Material to process:
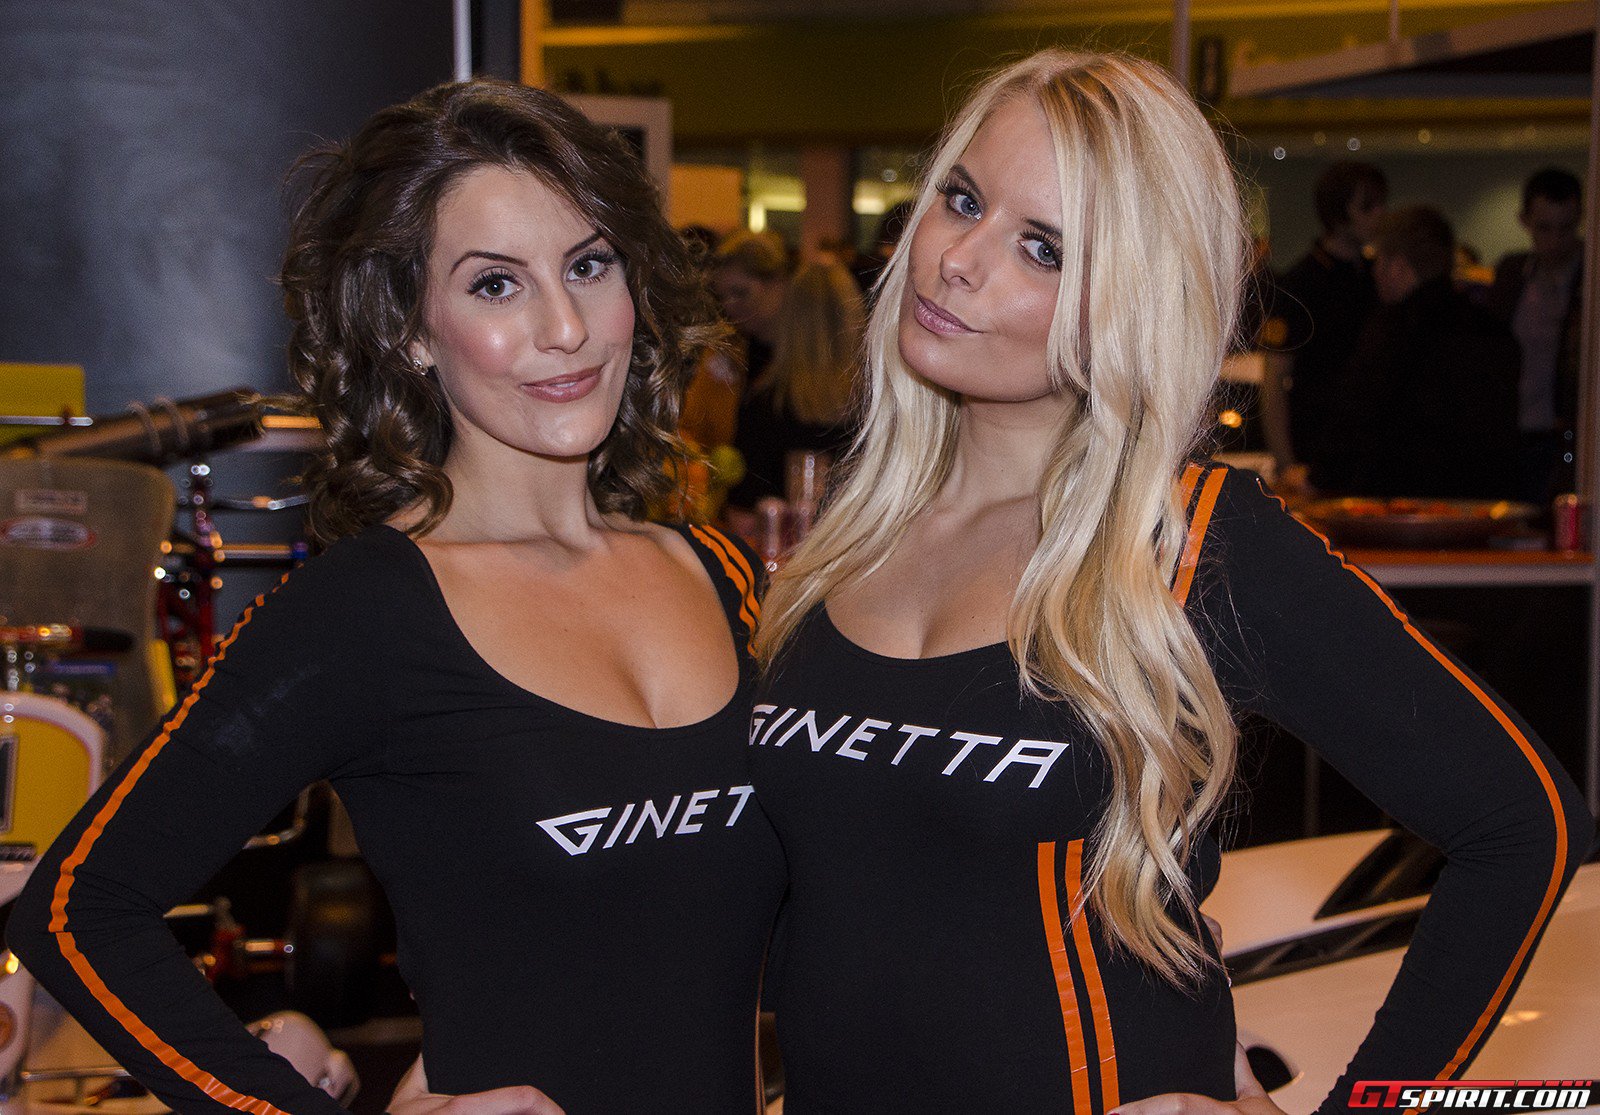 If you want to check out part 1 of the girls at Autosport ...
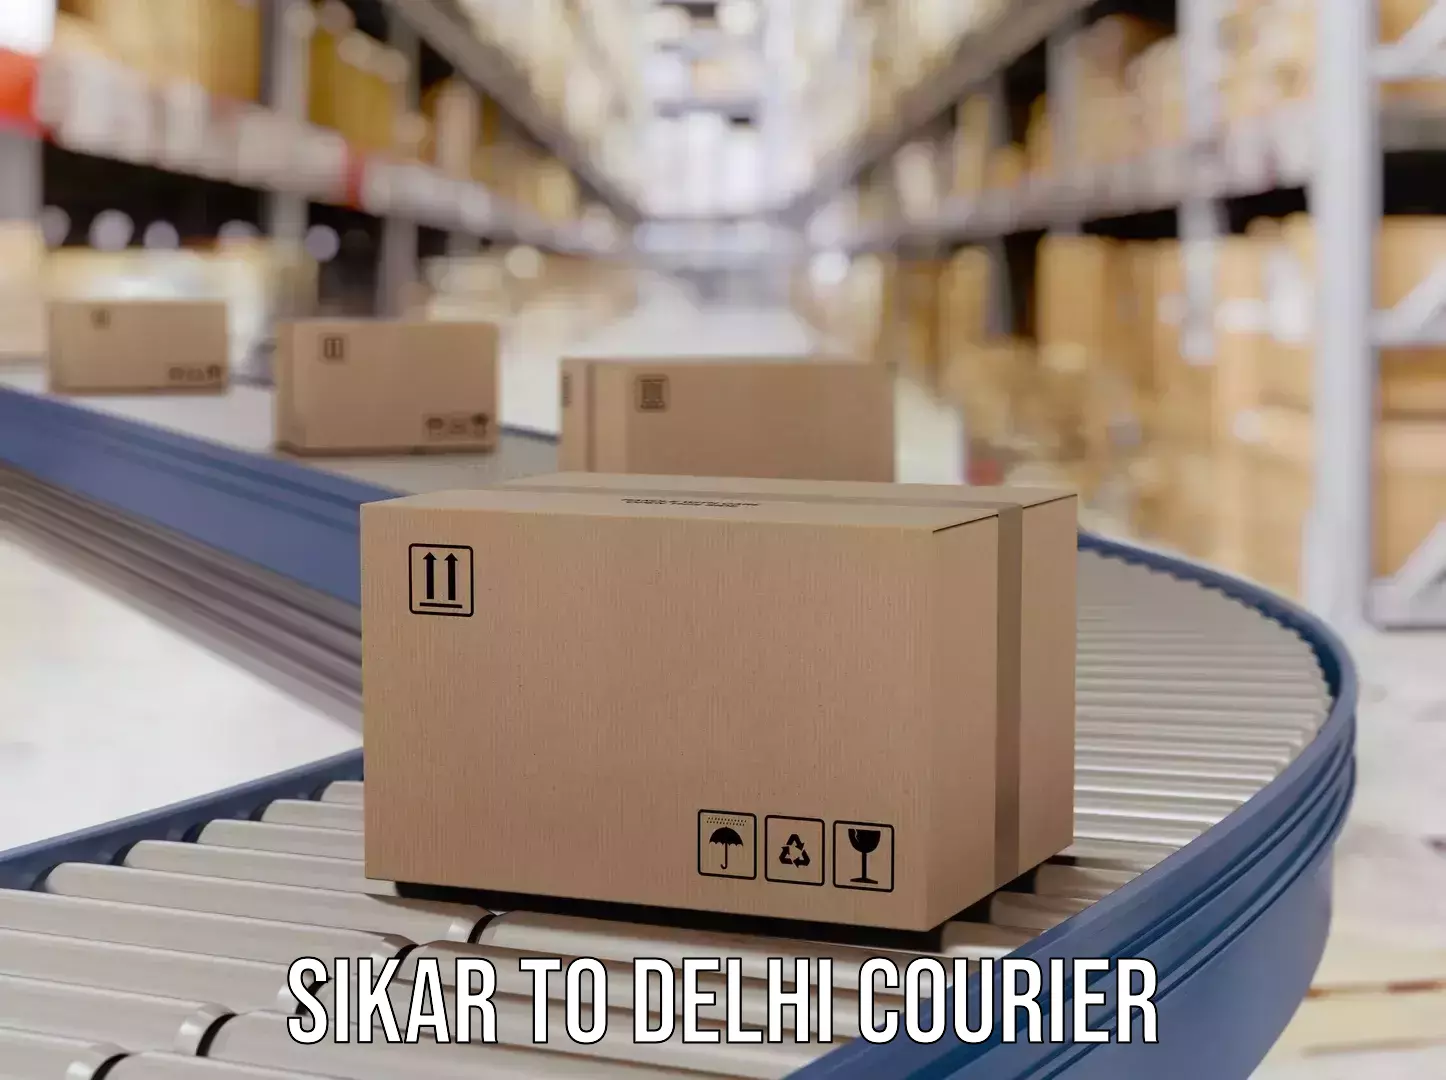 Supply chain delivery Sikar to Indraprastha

...

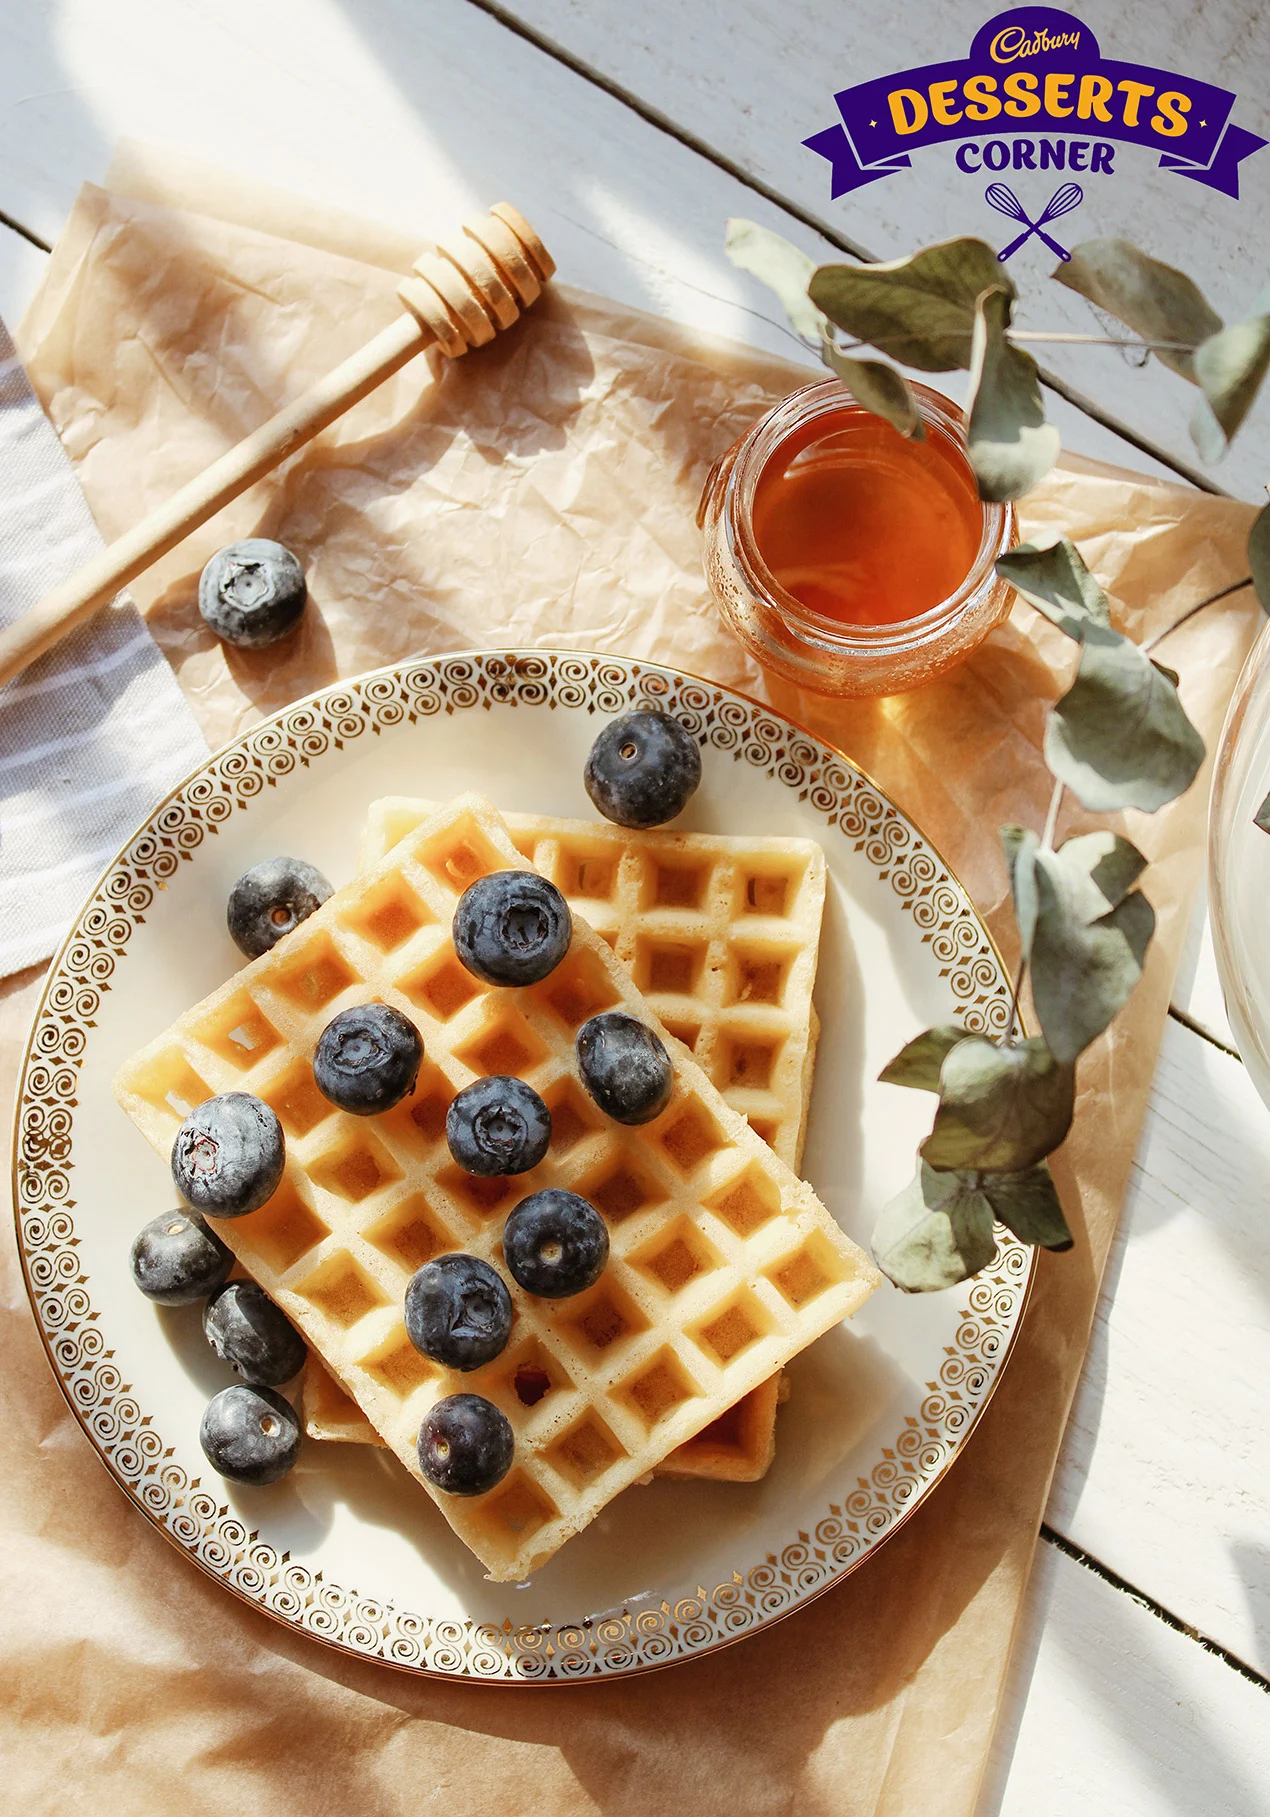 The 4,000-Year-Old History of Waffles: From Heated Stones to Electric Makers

What to work on: Look through the listing above for the line with "If you want" and the line with "Supply chain delivery Sikar to Indraprastha". Write out exactly those lines and everything between, leaving out pictures.

Exercise result:
 If you want to check out part 1 of the girls at Autosport ...
 Supply chain delivery Sikar to Indraprastha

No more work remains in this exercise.